Chien-Loup
L’idée de passer tout l’été coupés du monde angoissait Franck mais enchantait Lise, alors Franck avait accepté, un peu à contrecœur et beaucoup par amour, de louer dans le Lot cette maison absente de toutes les cartes et privée de tout réseau. L’annonce parlait d’un gîte perdu au milieu des collines, de calme et de paix. Mais pas du passé sanglant de cette maison que personne n’habitait plus et qui avait abrité un dompteur allemand et ses fauves pendant la Première Guerre mondiale. Et pas non plus de ce chien sans collier, chien ou loup, qui s’était imposé au couple dès le premier soir et qui semblait chercher un maître.

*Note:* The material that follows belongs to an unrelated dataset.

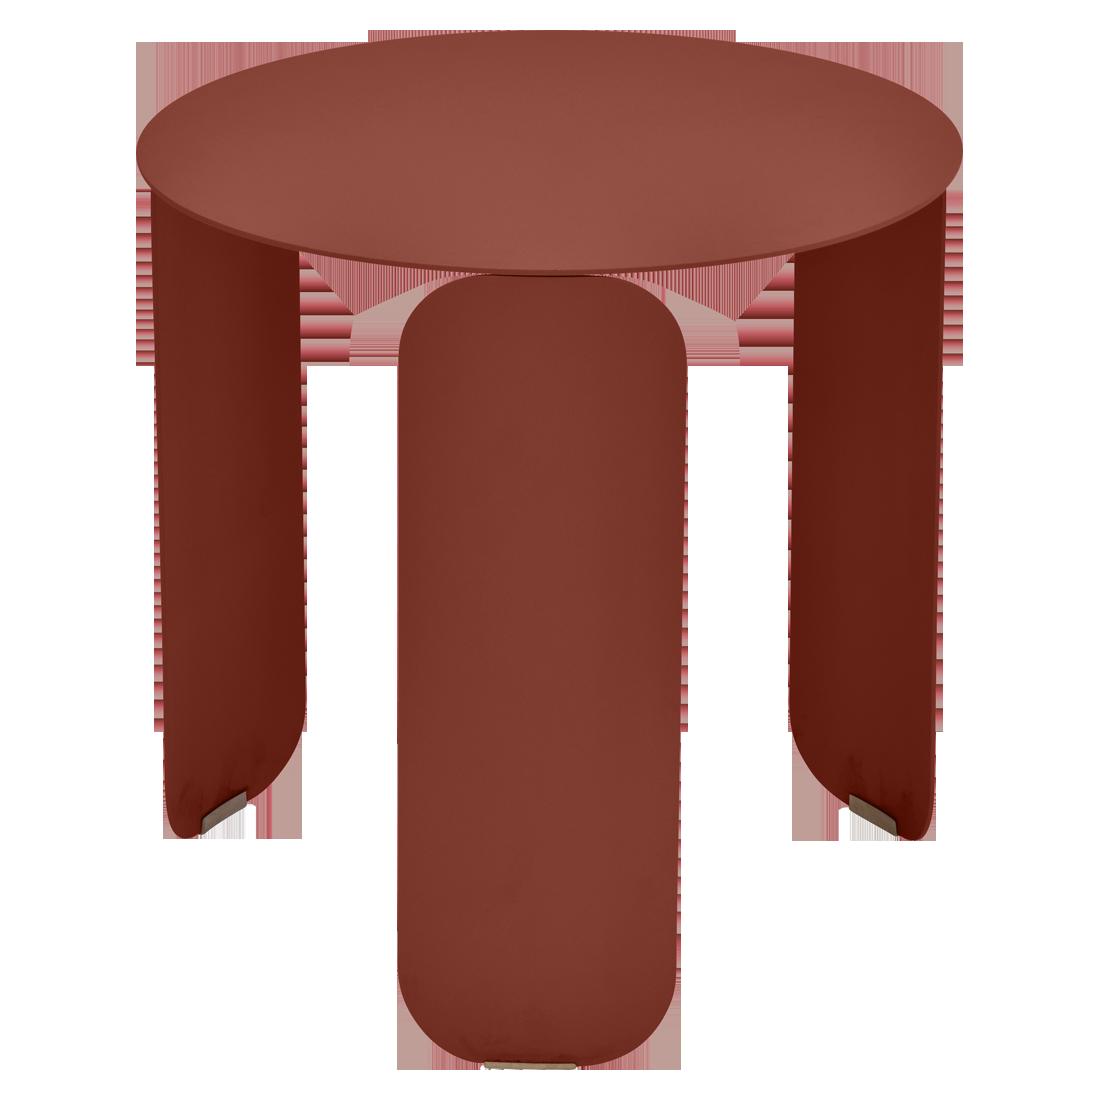 Table basse Ø 45 cm bebop ocre rouge
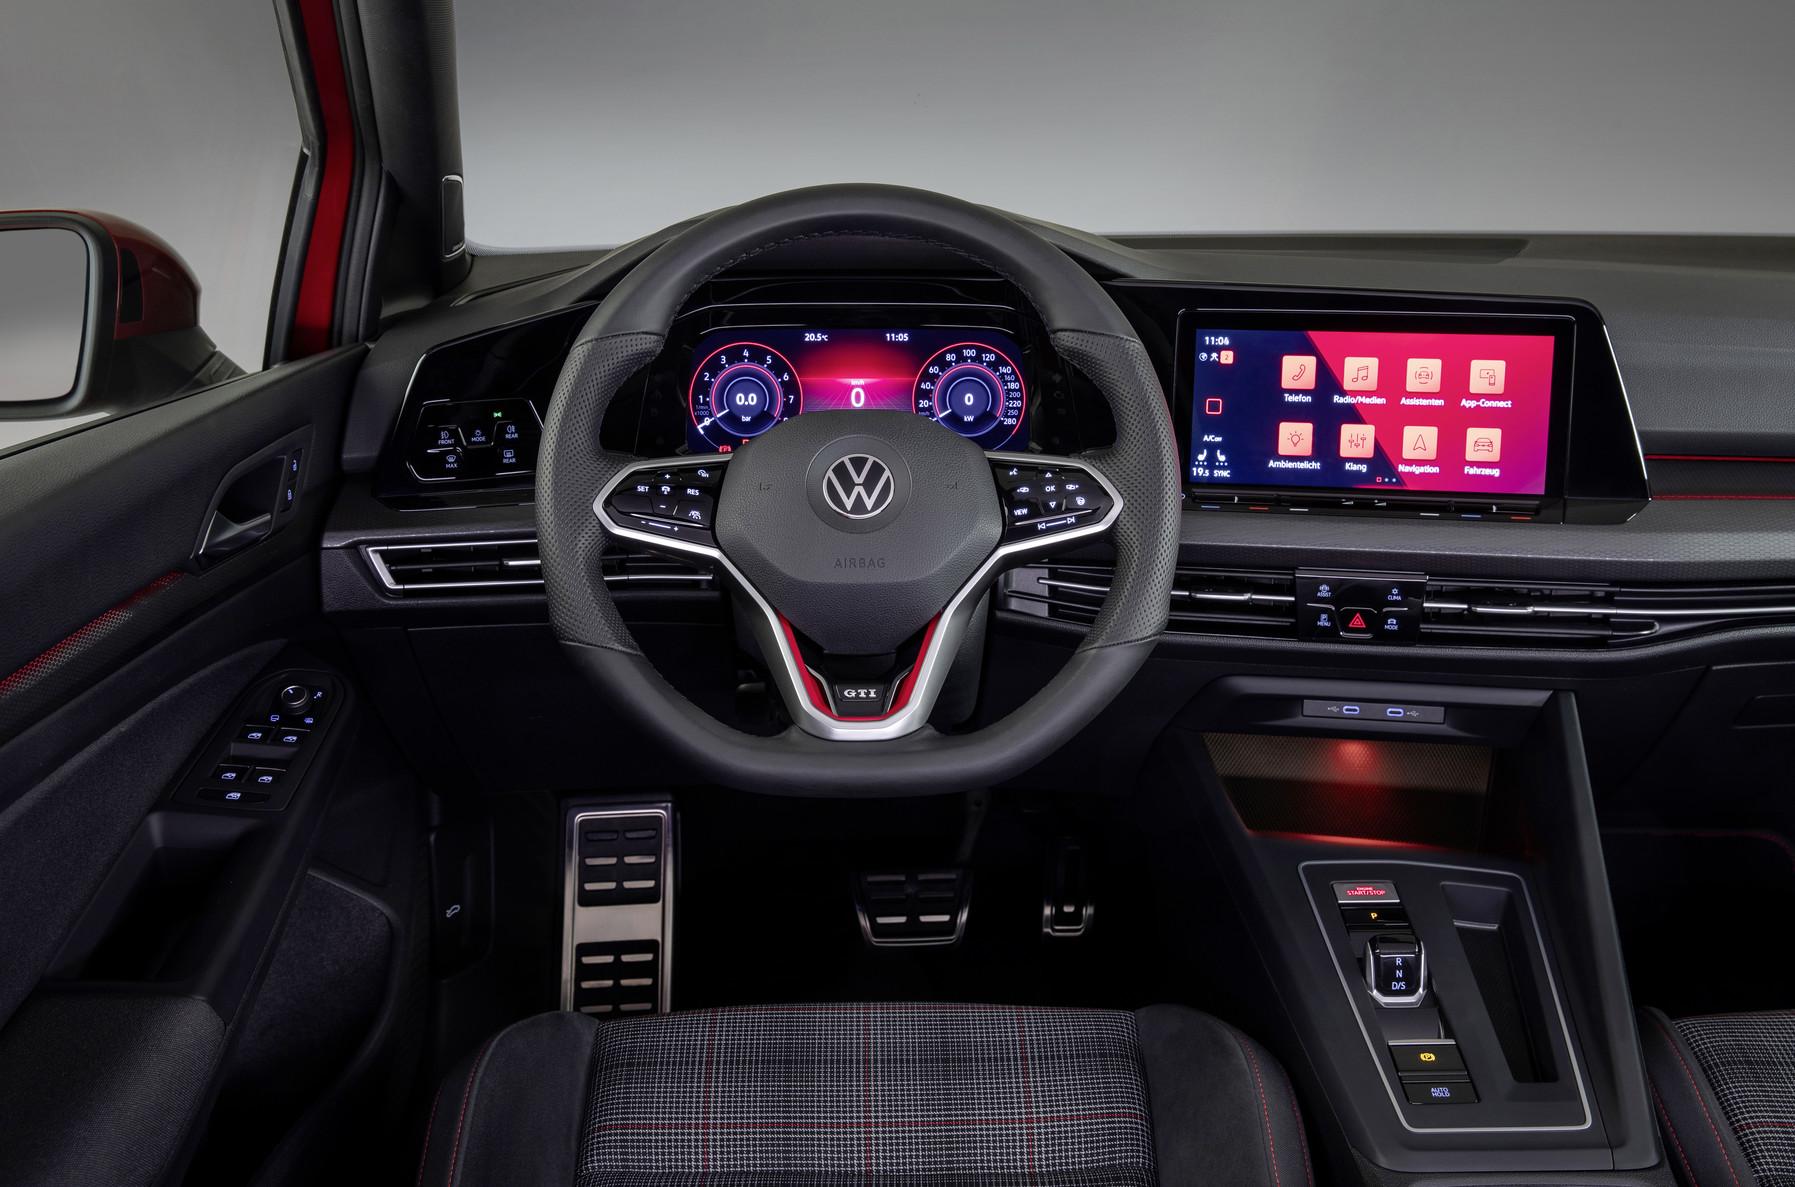 Mk8 Volkswagen Golf GTI Steering Wheel

En arrivant cet été-là, Franck croyait encore que la nature, qu’on avait apprivoisée aussi bien qu’un animal de compagnie, n’avait plus rien de sauvage ; il pensait que les guerres du passé, où les hommes s’entretuaient, avaient cédé la place à des guerres plus insidieuses, moins meurtrières. Ça, c’était en arrivant.
Serge Joncour raconte l’histoire, à un siècle de distance, d’un village du Lot, et c’est tout un passé peuplé de bêtes et anéanti par la guerre qu’il déterre, comme pour mieux éclairer notre monde contemporain. En mettant en scène un couple moderne aux prises avec la nature et confrontés à la violence, il nous montre que la sauvagerie est un chien-loup, toujours prête à surgir au cœur de nos existences civilisées.